Git-based version control is now integrated much more tightly in DSS.

* View the history of your project, recipes, scenarios, … from the UI

* Write your own commit messages

* Choose between automatic commit at each edit or manual commit (either by component or by project)

In addition, you can now choose between having a global Git repository or a Git repository per project

When viewing the history, you can get the diff of each commit, or compare two commits.

#### Team activity dashboards[¶](https://doc.dataiku.com/dss/latest/release_notes/3.0.html#team-activity-dashboards "Permalink to this headline")

Monitor the activity of each project thanks to our team activity dashboards.

#### Administrator monitoring dashboards[¶](https://doc.dataiku.com/dss/latest/release_notes/3.0.html#administrator-monitoring-dashboards "Permalink to this headline")

We’ve added a lot of monitoring dashboards for administrators, especially for large instances with lots of projects:

* Global usage summary

* Data size per connection

* Tasks running on the Hadoop and Spark clusters and per database

* Tasks running in the background on DSS

* Authorization matrix for an overview of all effective authorizations

### Other notable enhancements[¶](https://doc.dataiku.com/dss/latest/release_notes/3.0.html#other-notable-enhancements "Permalink to this headline")

#### Project import/export[¶](https://doc.dataiku.com/dss/latest/release_notes/3.0.html#project-import-export "Permalink to this headline")

When exporting a project, you can now export all datasets from all connections (except partitioned datasets), saved models and managed folders.

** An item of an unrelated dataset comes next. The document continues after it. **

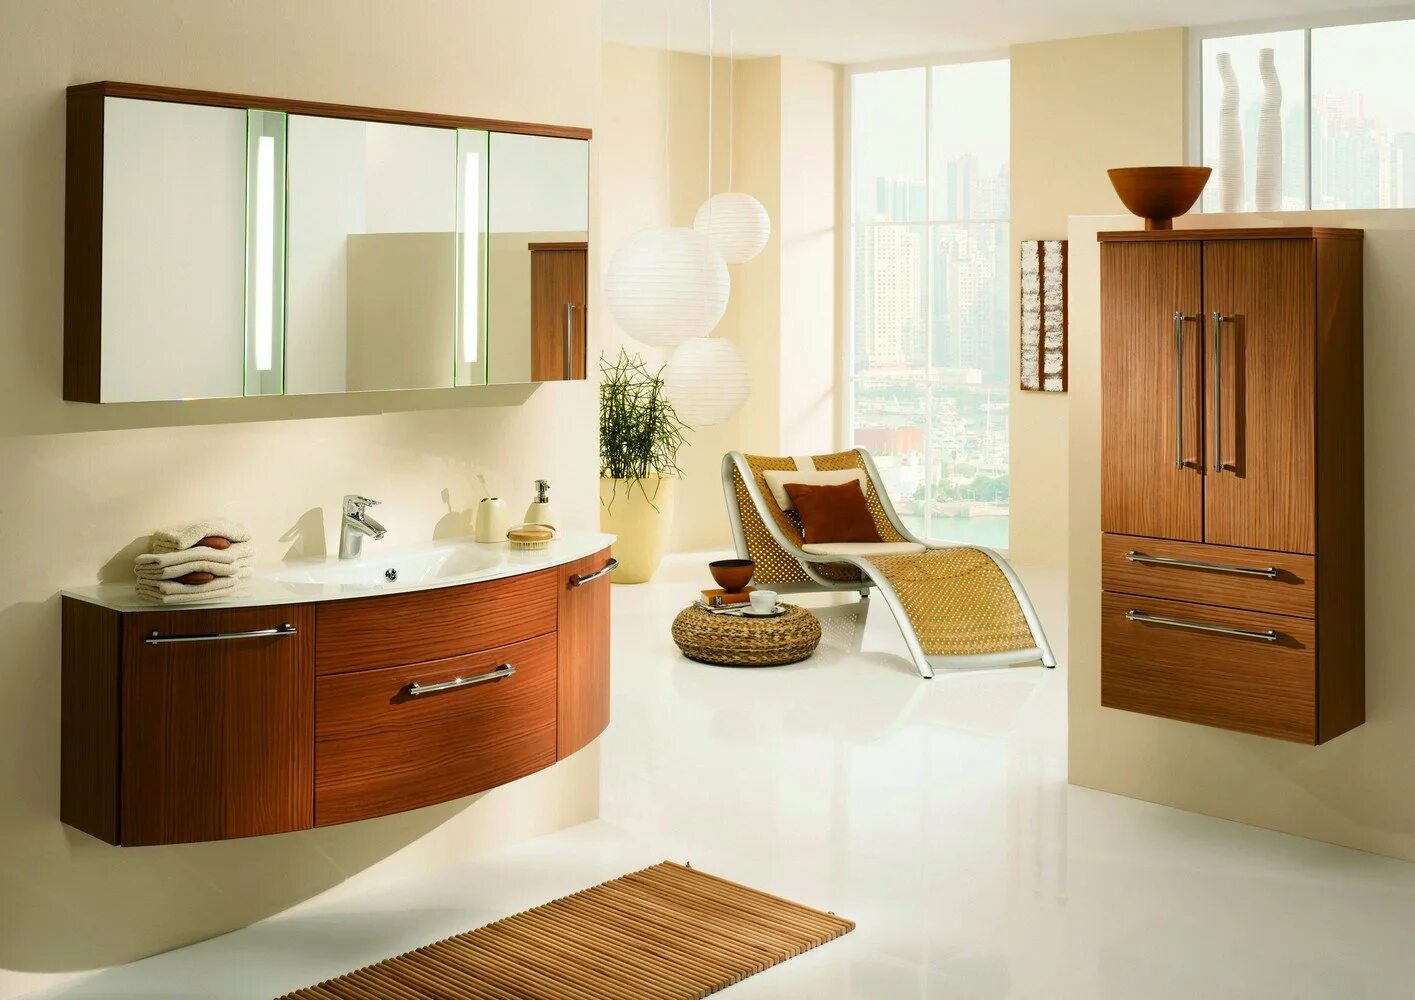 Купить комплект в ванную комнату. Мебель для ванных комнат. Красивая мебель для ванной. Набор мебели для ванной комнаты. Красивые комплекты мебели для ванной.

When importing the project in another DSS design node, the data is automatically reloaded.

This allows to export complete projects, including data.

When importing projects, you can also *remap* connections, removing the need to define connections with exactly the same name as on the source DSS instance.

#### Maintenance tasks[¶](https://doc.dataiku.com/dss/latest/release_notes/3.0.html#maintenance-tasks "Permalink to this headline")

DSS now performs automatically several maintenance and cleanup tasks in the background.

#### Improved security model[¶](https://doc.dataiku.com/dss/latest/release_notes/3.0.html#improved-security-model "Permalink to this headline")

We’ve added several new permissions for more fine-grained control. The following permissions can now be granted to each group, independently of the admin permissions:

* Create projects and tutorials

* Write “unsafe” code (that might be used to circumvent the permissions system)

* Manage user-defined meanings

In addition, users can now create personal connections without admin intervention.

The administration UI now includes an authorization matrix for an overview of all effective authorizations

#### API[¶](https://doc.dataiku.com/dss/latest/release_notes/3.0.html#api "Permalink to this headline")

* The public API includes new methods to interact with scenarios and metrics

* The public API includes new methods for exporting projects

#### Data preparation[¶](https://doc.dataiku.com/dss/latest/release_notes/3.0.html#id18 "Permalink to this headline")

* It’s now possible to delete columns based on a name pattern

### Other changes[¶](https://doc.dataiku.com/dss/latest/release_notes/3.0.html#other-changes "Permalink to this headline")

* DSS does not automatically grant Analyst access to the “first analysts group” when creating a project. After the creation of a project, only its creator (and the DSS administrators) can access it by default.